Hey. This might be too little too late, but I just wanted to say I miss ya and I'm sorry for how things went. I'm also sorry that i wasn't there to help defend you and I am definitely sorry that it took me so long to say anything about it. You are an awesome person, one who I loved to talk to and hear your opinion on things. You had this amazing way of making people feel good about themselves (me included) and I think that's what I miss the most... I hope you are well, hope to talk to you soon.
“too little too late” is a good description of it. You are apologizing for all the correct places where you fucked up; I acknowledge your apologies.
The more time passes, the more appalled I am about the treatment I received, and the less I care to ever come back. I don’t so much mind the years of effort, time, and emotional labor I put in being taken for granted, but I *absolutely* mind that when push came to shove, NO ONE but @wyvernfire spoke up on my behalf. No one but her challenged the people who were slandering my honor, reputation, and years of service. No one had my back when when I was being outright bullied.
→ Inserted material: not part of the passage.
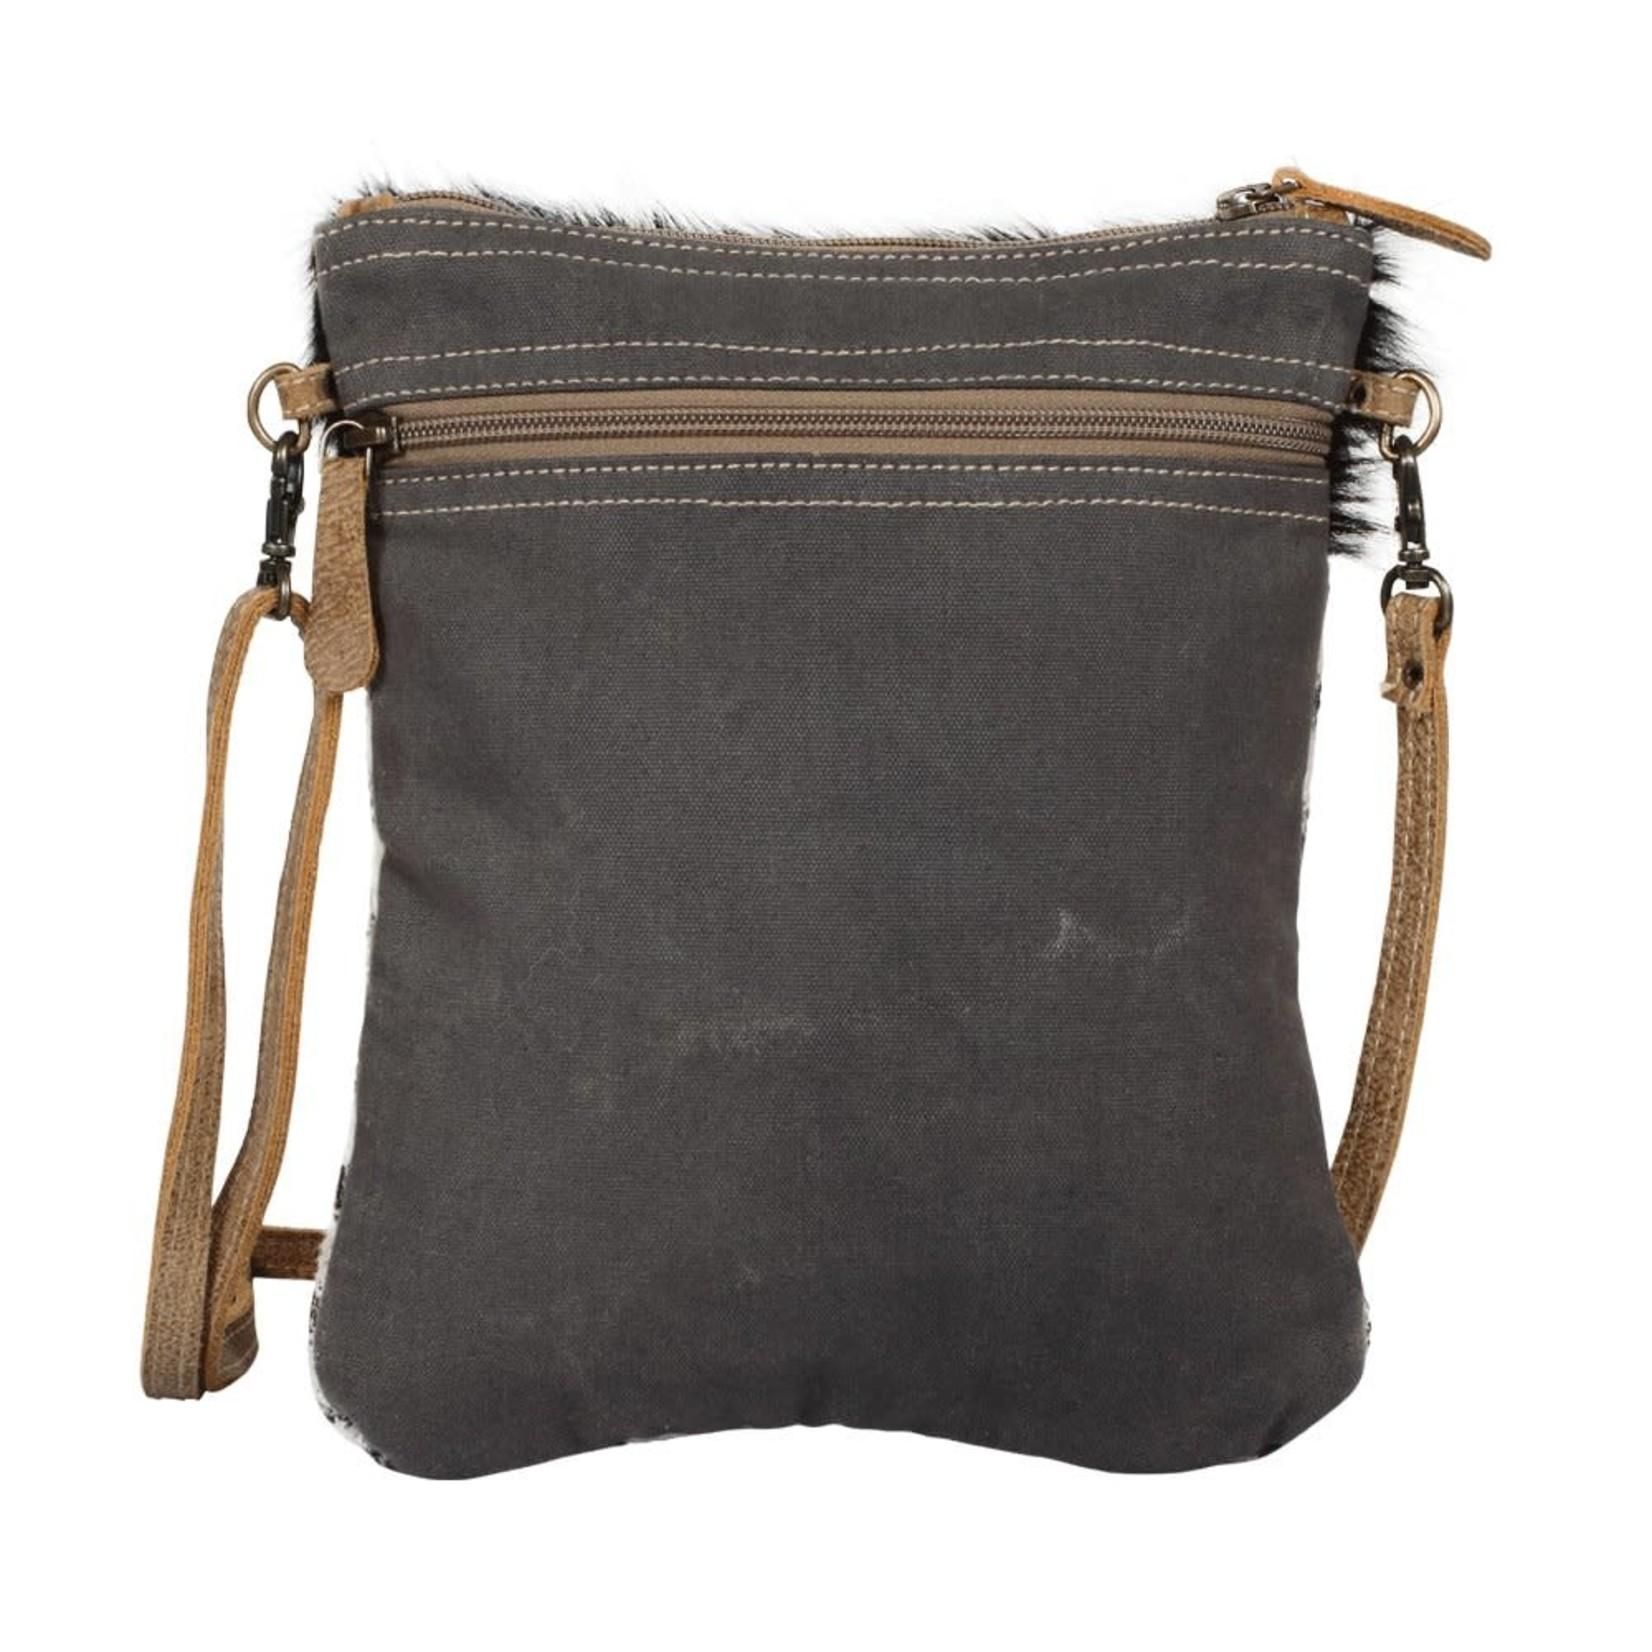 Myra Bags S-1346 Spleen Small & Crossbody Bag
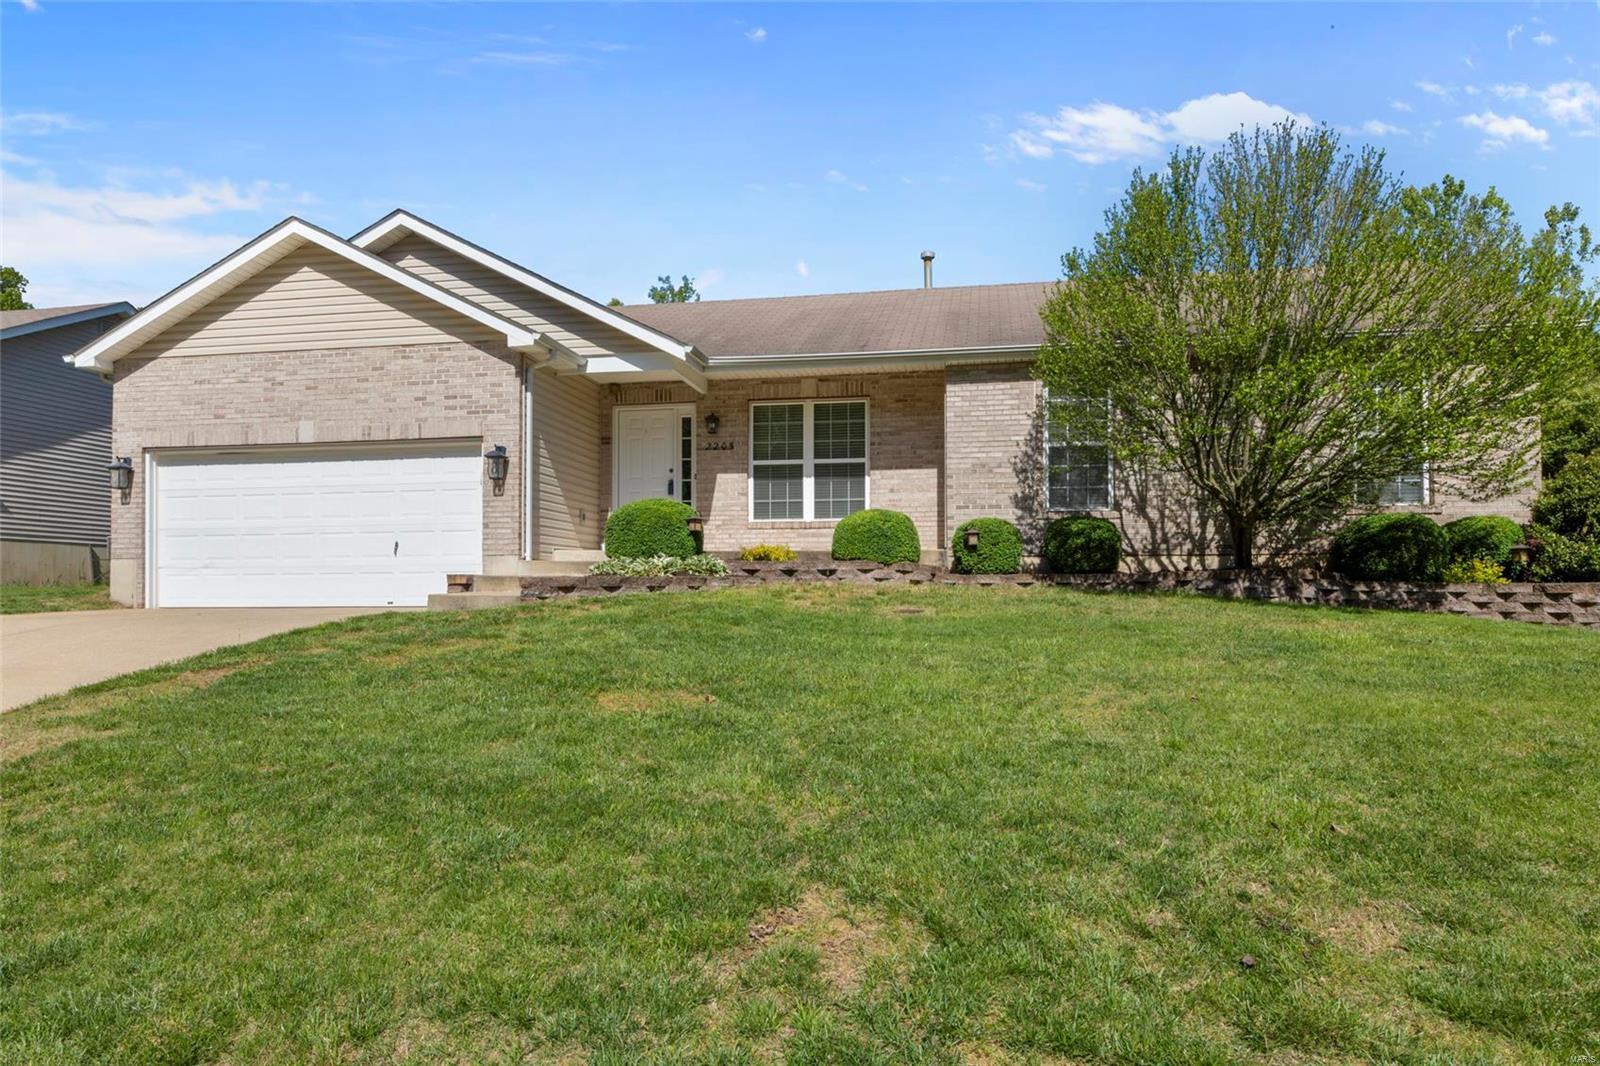 2205 Fairway Property Photo - High Ridge, MO real estate listing

No one but Amie. And now it’s been months since I’ve left and I’ve heard from, what, like three of you, total? Some friends you guys turned out to be. I don’t fucking care how shy or awkward or confrontation-averse someone is. If you don’t fight for your friends when they’re backed into a corner, then you shouldn’t be surprised when you lose them. It wasn’t the muckraking assholes who made me leave. It was everyone else’s silence. If you’re silent, you’re complicit. Period.